Wednesday, September 17, 2025

Generative AI Deployment with Terraform

 

A Multi-Cloud Comparison

This post provides a detailed breakdown of the steps and resources required to deploy a generative AI application using Terraform, drawing on the provided Google Cloud blog post and comparing the process to Azure and AWS.

Part 1: The Google Cloud (GCP) Approach (Based on the Blog Post)

The blog post "Deploy a Generative AI Application with Terraform" focuses on using a specific set of GCP services and Terraform resources. The goal is to set up a serverless application that can interact with a large language model.

Core Services Used

  • Generative AI on Vertex AI: This is Google Cloud's fully managed platform for machine learning and AI development. It provides access to Google's foundation models.

  • Cloud Functions: A serverless compute service that allows you to run code without provisioning or managing servers. It will host the application's back-end logic.

  • Cloud Storage: Used for storing the application's code and dependencies.

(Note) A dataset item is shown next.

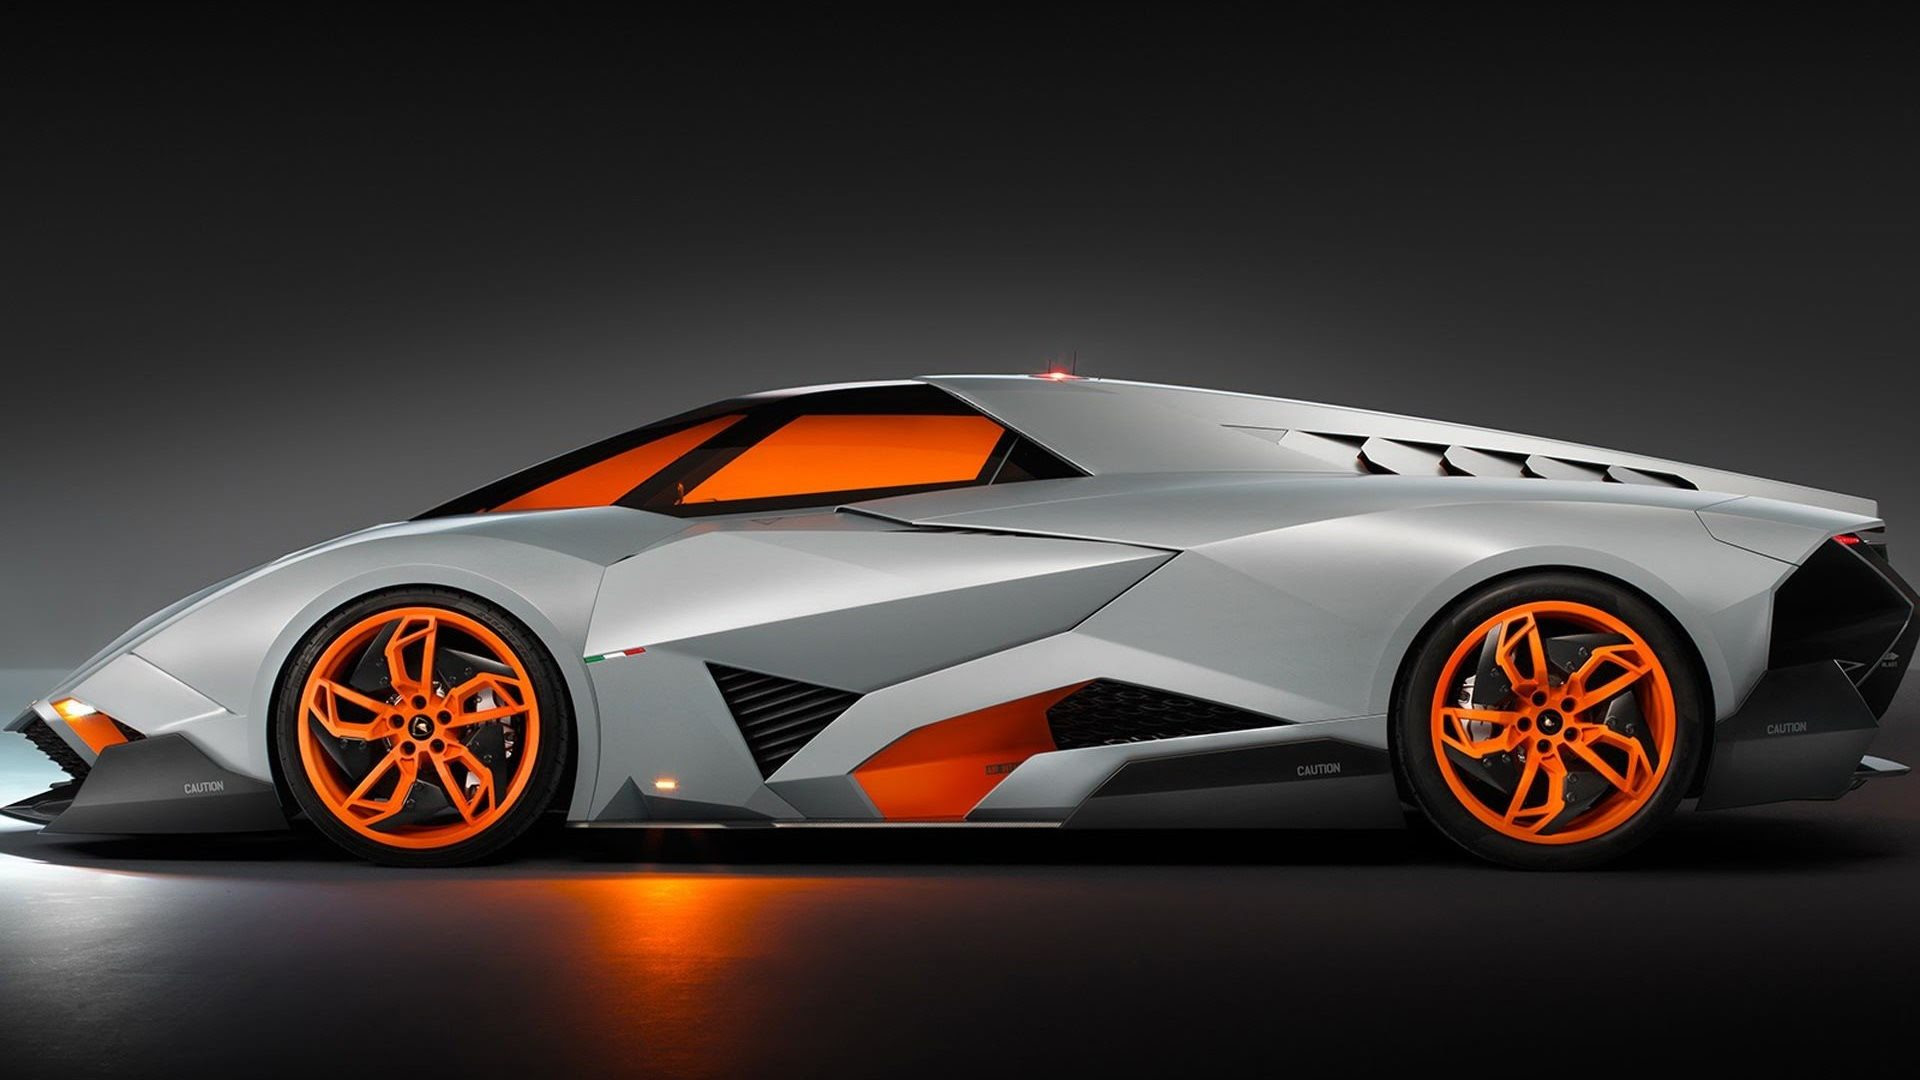 Lamborghini Aventador Wallpaper 1920x1080 41401
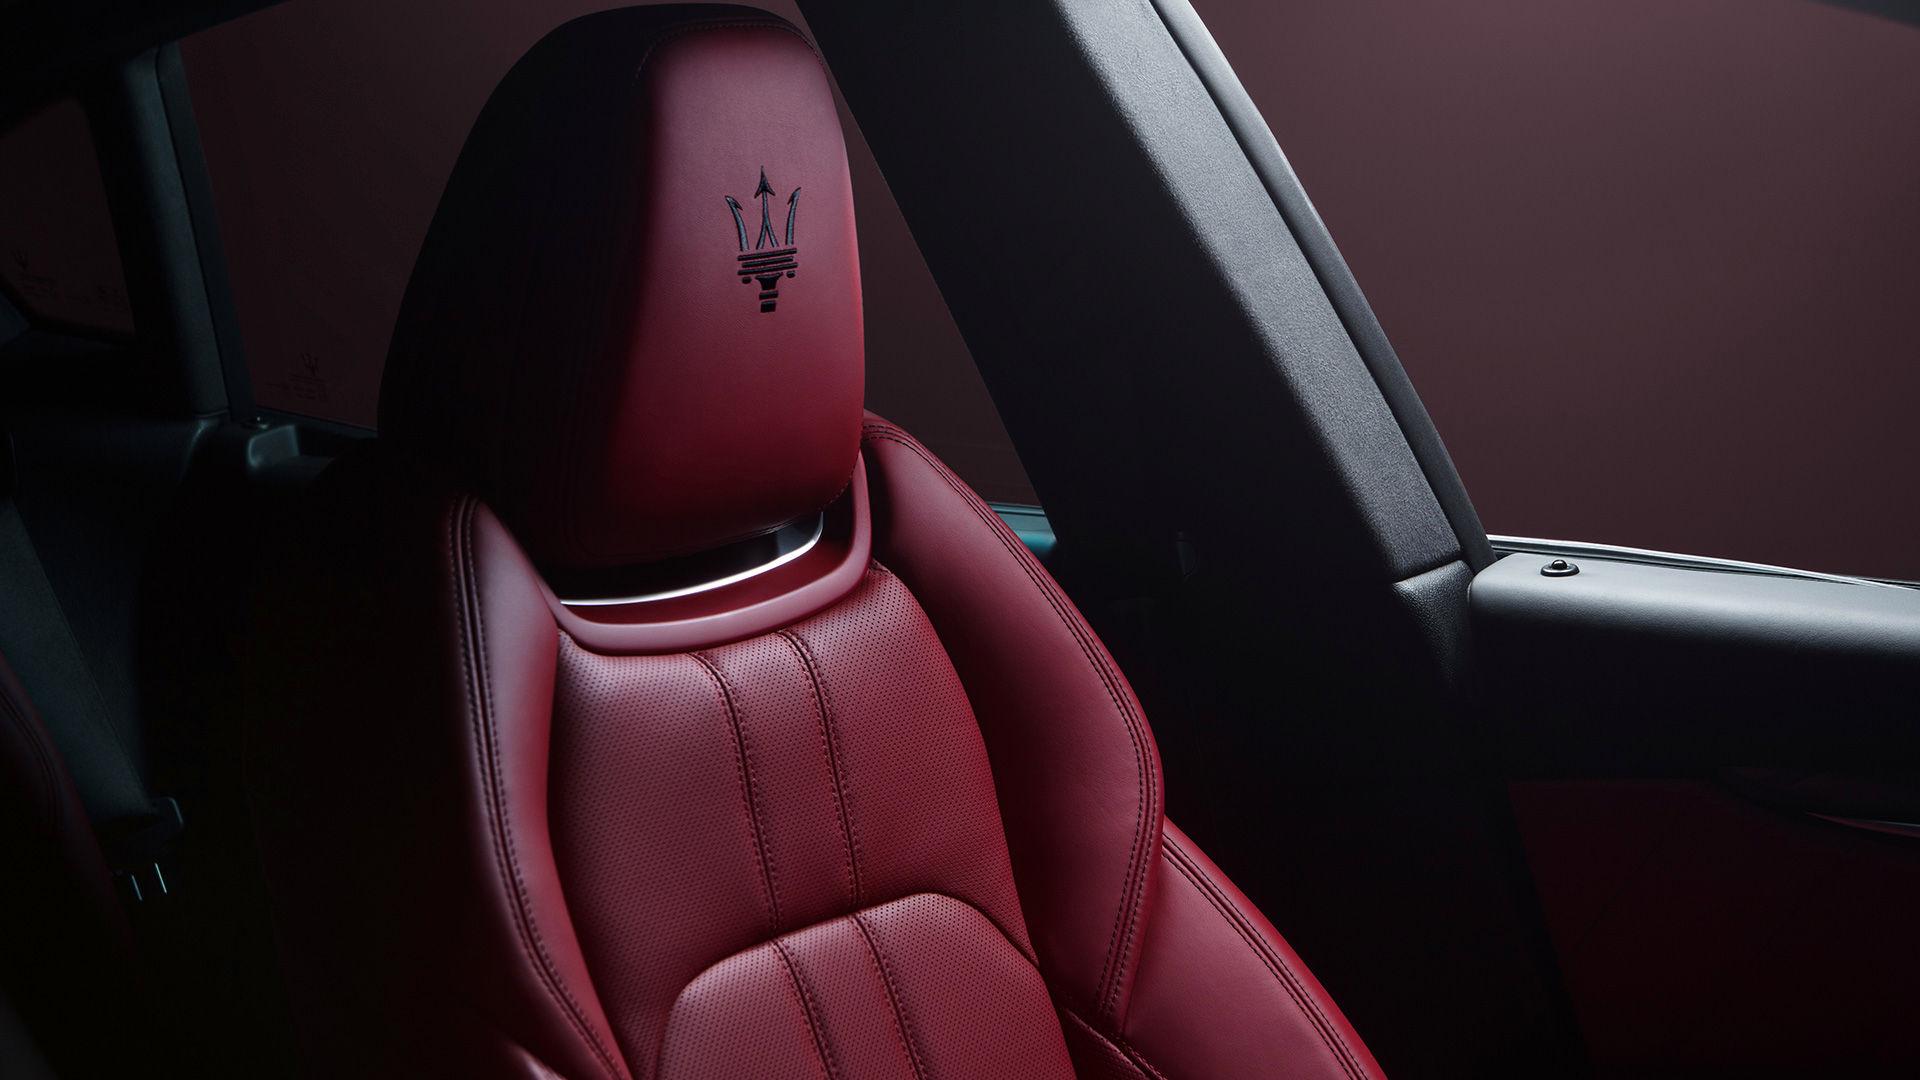 Maserati Levante - Roter Ledersitz

Terraform Resources & Files

  • main.tf: The primary configuration file where you define all the resources.

  • google_project: Represents the GCP project.

  • google_service_account: Creates a service account for the Cloud Function to run with.

  • google_storage_bucket: Provisions the Cloud Storage bucket.

  • google_storage_bucket_object: Uploads the Cloud Function code to the bucket.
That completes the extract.